Rebuilding Lloyd Logs as a Go Markdown Site
The site had acquired a second job
Changing a sentence on a small technical log should not require remembering which part belongs to Hugo, which part belongs to nginx and which part exists only because the old theme expected it. That was the moment the previous stack stopped feeling lightweight.
At first I thought I needed a better publishing system. I needed fewer moving parts. The replacement is a small Go server that reads Markdown, renders normal HTML and can be understood from the route to the content file without an archaeological dig.
Requirements
The requirements were deliberately HTML heavy and progressed with following mental model:
- Markdown should remain the source of truth.
- Posts should live under
content/posts/. - Pages should live under
content/pages/. - Drafts should stay hidden unless explicitly enabled.
- The site should run without a database, admin panel, React app, or heavy CMS.
- The Docker image should be self-contained in production.
- The layout should stay simple, readable, and easy to maintain.

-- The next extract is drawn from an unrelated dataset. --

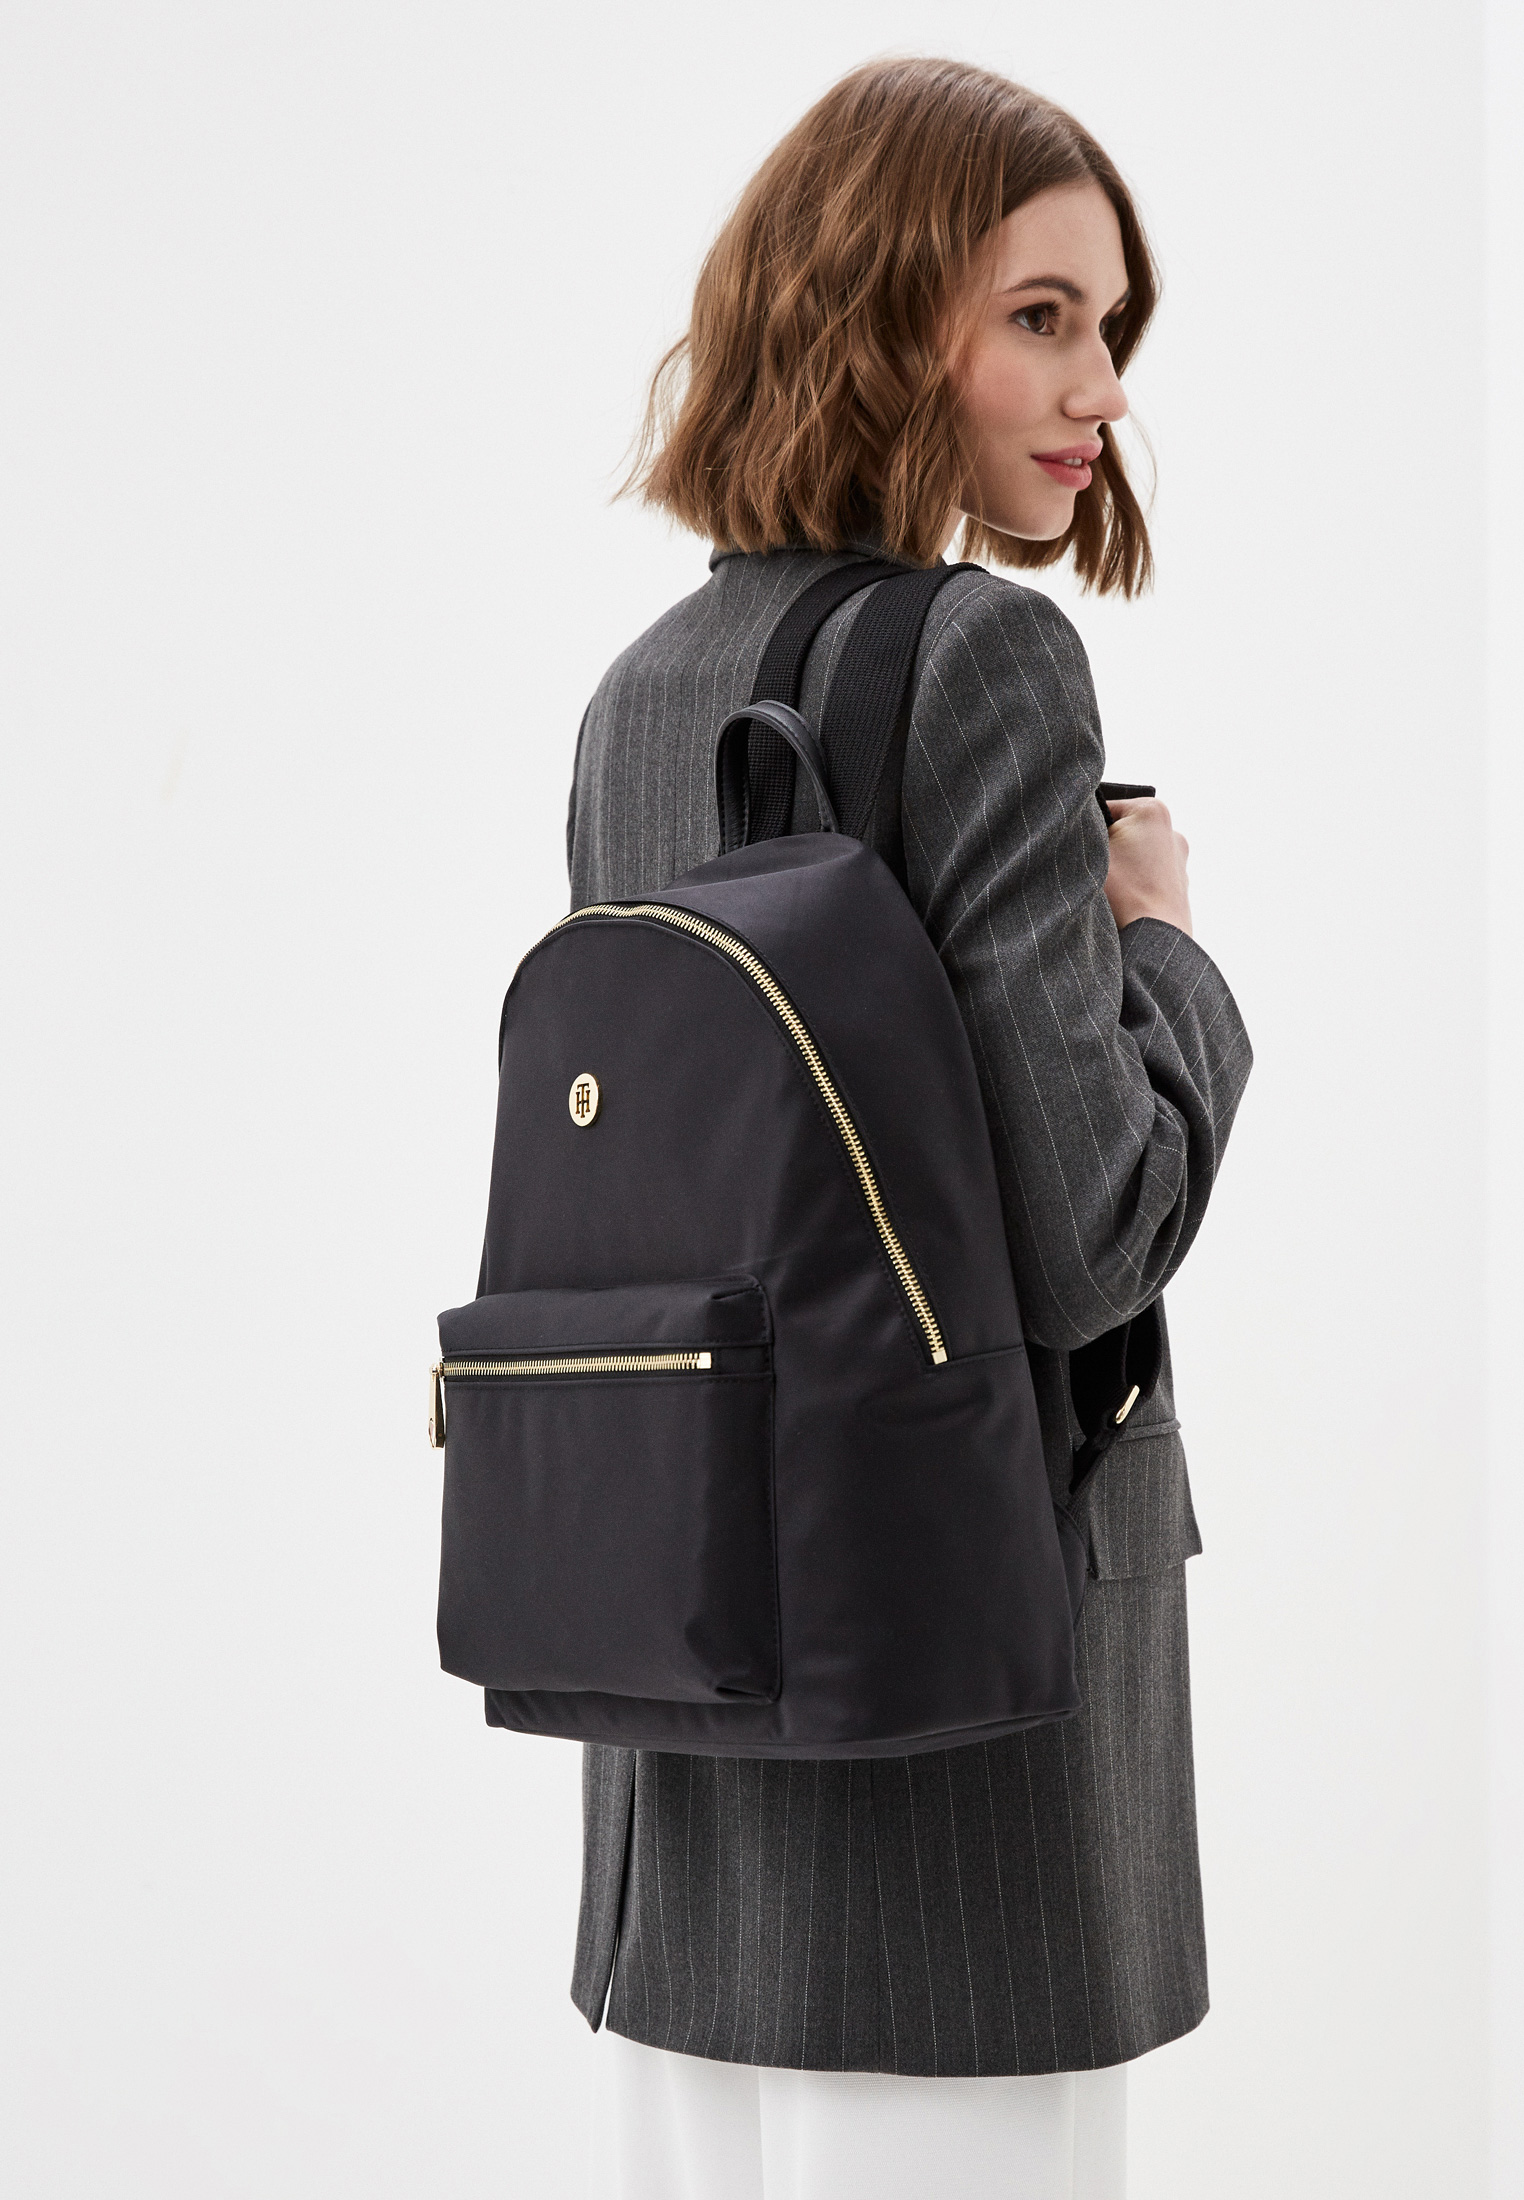 Городской рюкзак женский Tommy Hilfiger (Томми Хилфигер) AW0AW09693 внешний  материал нейлон, полиэстер; цвет черный купить за 10390 руб.

Those constraints kept the design focused. The goal was to distill the sevices used to their core. To build the smallest durable system that made publishing easier and feel more native.
Architecture
The new site is a Go net/http application. It loads content from disk, parses frontmatter, renders Markdown, and serves full HTML pages.
The main pieces are:
net/httpfor routing and serving requests.html/templatefor server-rendered HTML.goldmarkfor Markdown rendering.- Plain files for content and static assets.
- Docker for deployment.
This is intentionally boring technology. The site does not need client-side routing or a build pipeline for JavaScript. The pages are normal HTML, so they work with JavaScript disabled.
Content model
Posts and pages are Markdown files with frontmatter:
---
title: "Example post"
date: 2026-07-09
tags: ["Go", "Markdown"]
draft: false
summary: "Short summary."
---
Slugs come from frontmatter when provided, otherwise from the filename. Published posts are sorted newest first. Draft posts are excluded unless the server is started with SHOW_DRAFTS=true.
Keeping content as files makes the workflow easy to reason about. There is no database migration to run, no admin account to secure, and no hidden state outside the repository.
Obsidian publishing workflow
I still wanted the writing experience to work with Obsidian. The local vault lives at:
/home/alex/Documents/lloydlogs
The production application does not depend on that path. Instead, a local sync script copies Markdown into the repository:
OBSIDIAN_CONTENT_DIR=/home/alex/Documents/lloydlogs go run ./cmd/sync-obsidian
That boundary matters. The local vault is an editing tool. The deployed app only reads from the content copied into the repo and packaged into the Docker image.
Docker deployment
The Docker build now compiles the Go binary and runs it directly. There is no Hugo build stage and no nginx runtime stage.
The production image reads content from:
/app/content
That keeps the deployment simple: the image contains the binary, templates, static files, and Markdown content needed to serve the site.
What I learned
The main lesson was that removing infrastructure can be just as valuable as adding it. Hugo and nginx were reasonable tools, but for this site they introduced extra concepts without much benefit.
This rebuild also reinforced a few habits I care about:
- Keep the production boundary clear.
- Prefer simple server-rendered HTML when it solves the problem.
- Make local workflows convenient without leaking local assumptions into deployment.
- Write documentation so future changes are easier.
What I would improve next
I would add a small preview command for draft content, improve test coverage around route behavior, and make the Obsidian sync workflow more explicit about page versus post mapping.
The local Obsidian vault remains an editing tool; go run ./cmd/sync-obsidian copies publishable Markdown into the repository, where the deployed image reads it. That boundary is slightly less magical than a live-sync CMS, but it makes the source of truth and release contents obvious.
I now value small systems partly for their refusal to make publishing feel like an integration project.